Alors que le charme de ce genre de film Disney tient généralement en large partie de la férocité de la (des) "méchante(s)", c'est ici la prestation de Michelle Williams qui a retenu mon attention sans son rôle de gentille sorcière. Elle parvient à ne pas être gourde, et jamais elle n'est crédule devant Oscar Diggs, sachant dès le départ qu'il n'est pas le Magicien d'Oz, du moins pas celui qui est attendu. Déjà c'est la seule des trois actrices qui a su porter des films sur ses seules épaules, et je pense ici à son travail excellent avec la réalisatrice Kelly Reichardt dans "Wendy et Lucy" (2008) puis dans "La Dernière Piste" aux côtés de Paul Dano.
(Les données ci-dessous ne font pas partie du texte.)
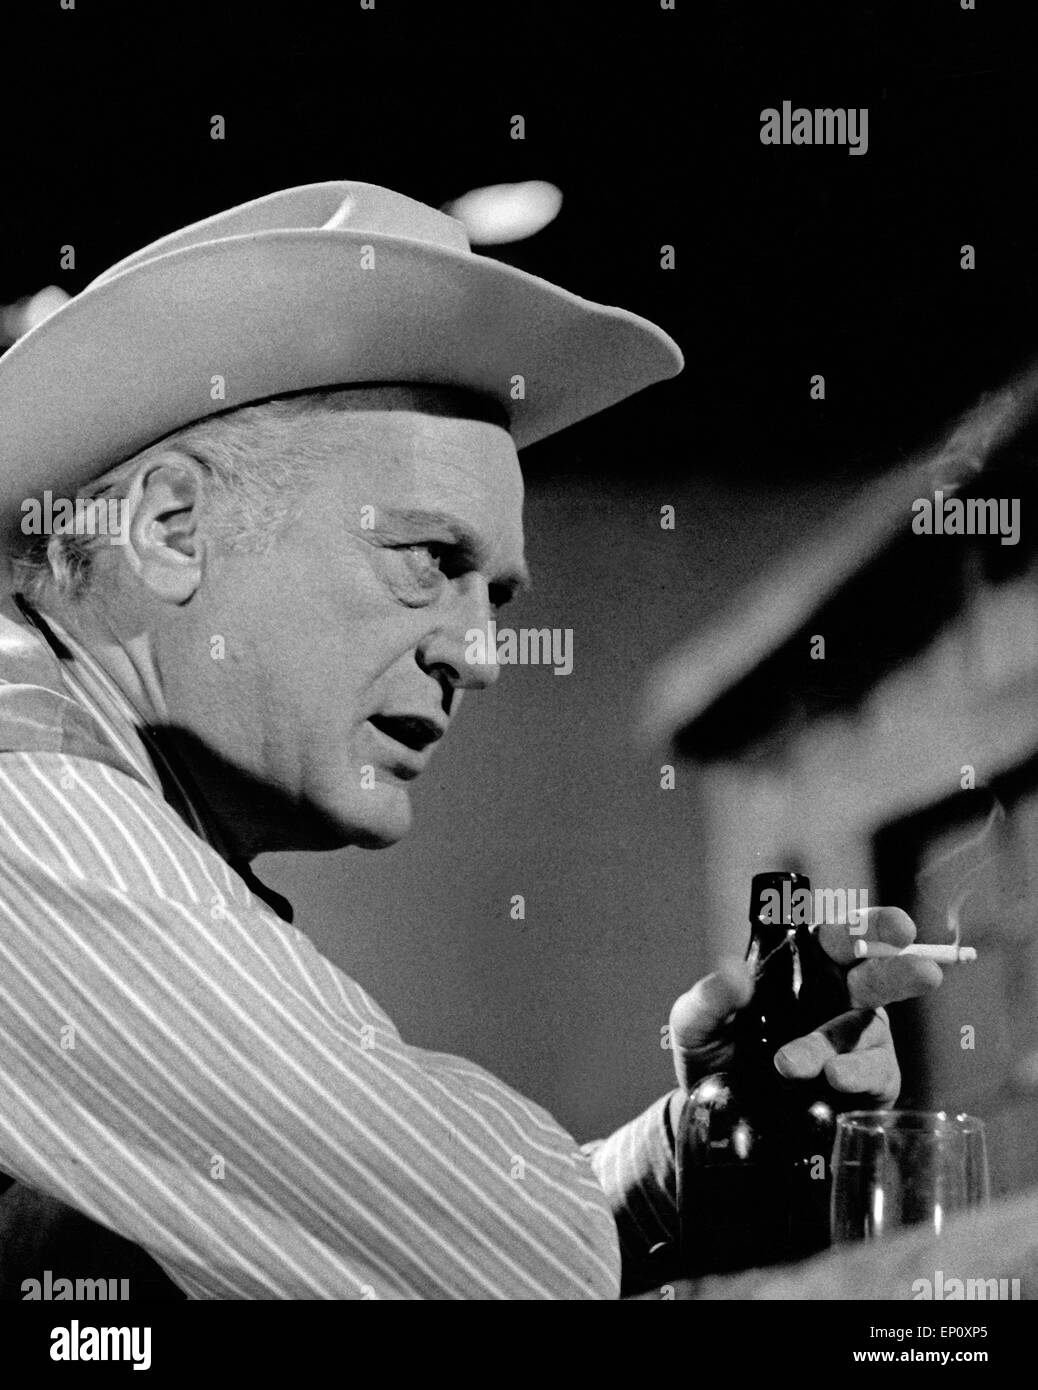 Deutscher Wis Curd Jürgens als Cowboy im Saloon im TV-Porträt chauspieler Sindh Wis', Deutschland 1960er J Stockfoto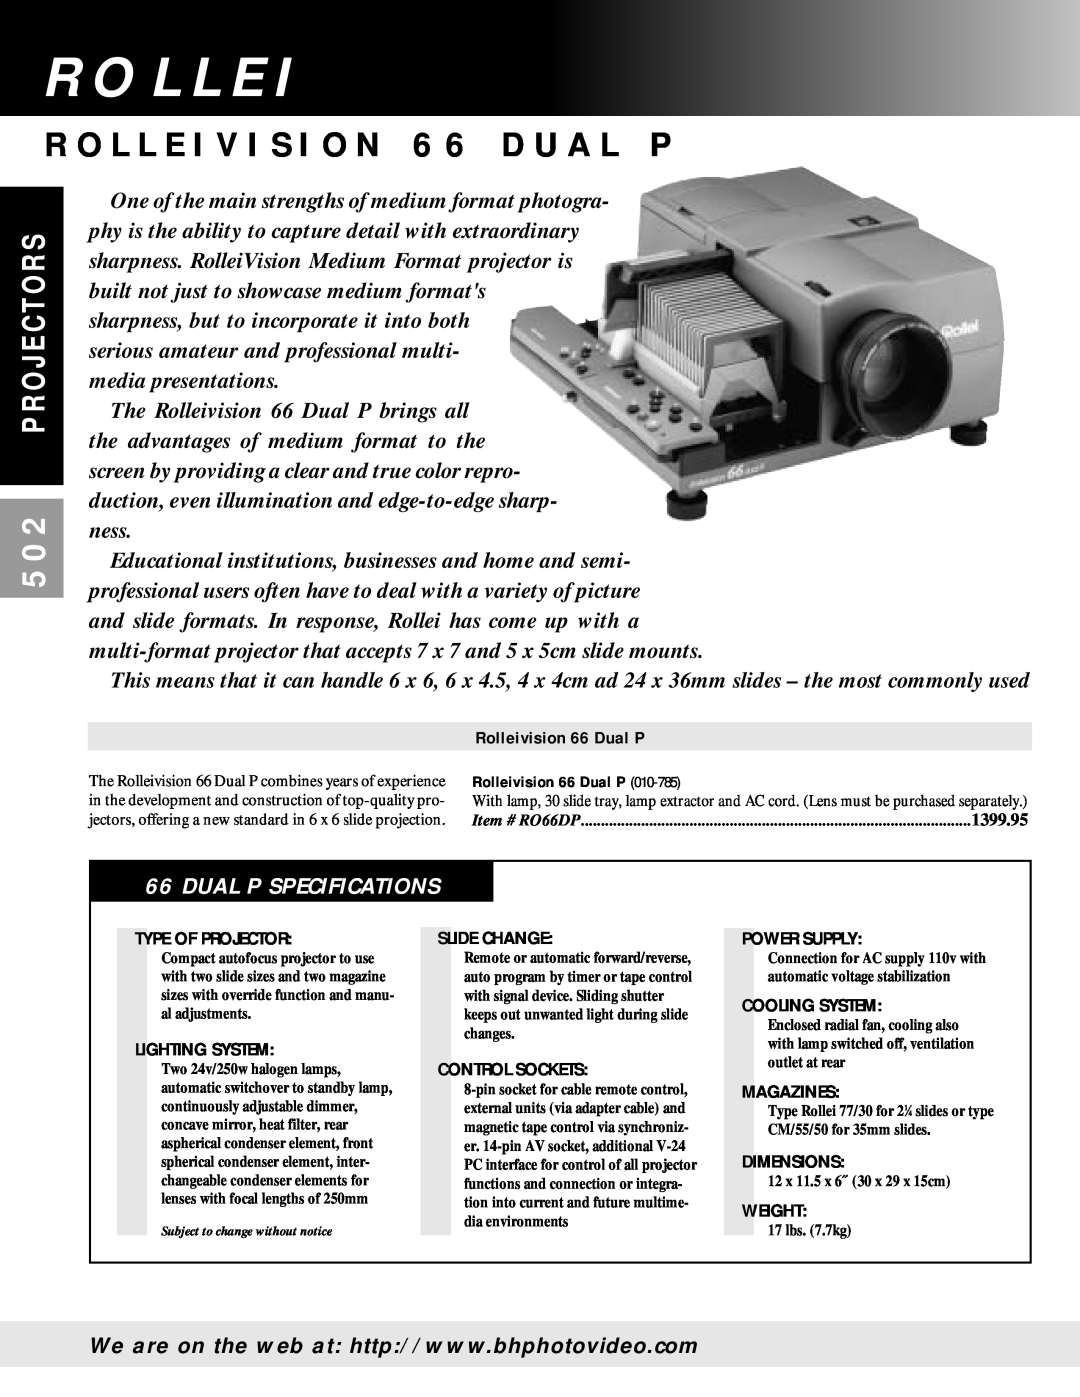 Hasselblad PCP 80 manual R O L L E I V I S I O N 6 6 D U A L P, Dual P Specifications, P R O J E C T O R S

C'est une des rares actrices dont on peut estimer la carrière à l'aune de ses partenaires : Ryan Gosling et Kevin Spacey en 2003 dans "The United State of Leland" de Matthew Ryan Hoge ; Emile Hirsch, aussi en 2003, dans "Imaginary Heroes" de Dan Harris ; évidemment en 200, Heath Ledger et Jake Gyllenhaal dans "The Secret of Brokeback Mountain" de Ang Lee ; Paul Giamatti (que j'adore) en 2006 dans "The Hawk is dying" de Julian Goldberger ; Gael Garcia Bernal en 2009 dans "Mammoth" de Lukas Moodysson ; Leonardo DiCaprio en 2010 dans "Shutter Island" de Martin Scorsese ; en 2010 encore, Ryan Gosling dans "Blue Valentine" de Derek Cianfrance ; prochainement Mathias Schoenaerts dans "Suite Française". Elle n'a pas le physique hollywoodien, elle ne joue pas comme une actrice hollywodienne, elle parvient aussi à retenir l'attention d'un Wim Wenders ("Land of Plenty" en 2003 ou d'un Todd Haynes ("I'm not there" en 2007), et réussit à mettre de la profondeur dans chacun de ses rôles. Et même ici, sous la férule de Sam Raimi, elle ne se laisse pas écraser par son rôle de gentille, ni par les effets spéciaux dont sont gratifiées les méchantes. Admirable !

Savoureux James Franco (qui s'amuse à mimer un peu Johnny Depp), casting féminin plutôt réussi, 3D inspirée, univers enchanteur – s'y mêlent harmonieusement les trucages artisanaux et numériques, le merveilleux pour enfants, des réflexions sur l'amour, l'amitié, la fraternité, la cupidité... loin d'êtres idiotes, et de délicieuses touches de fantastique horrifique... force est de reconnaître que le résultat est plaisant, enlevé, féérique. Sam Raimi a su conserver intacte la vocation du film original. Son film est presque "un classique instantané".

Et l'occasion pour Sam Raimi de signer l'un bel hommage au pouvoir d'attraction immuable du 7ème art.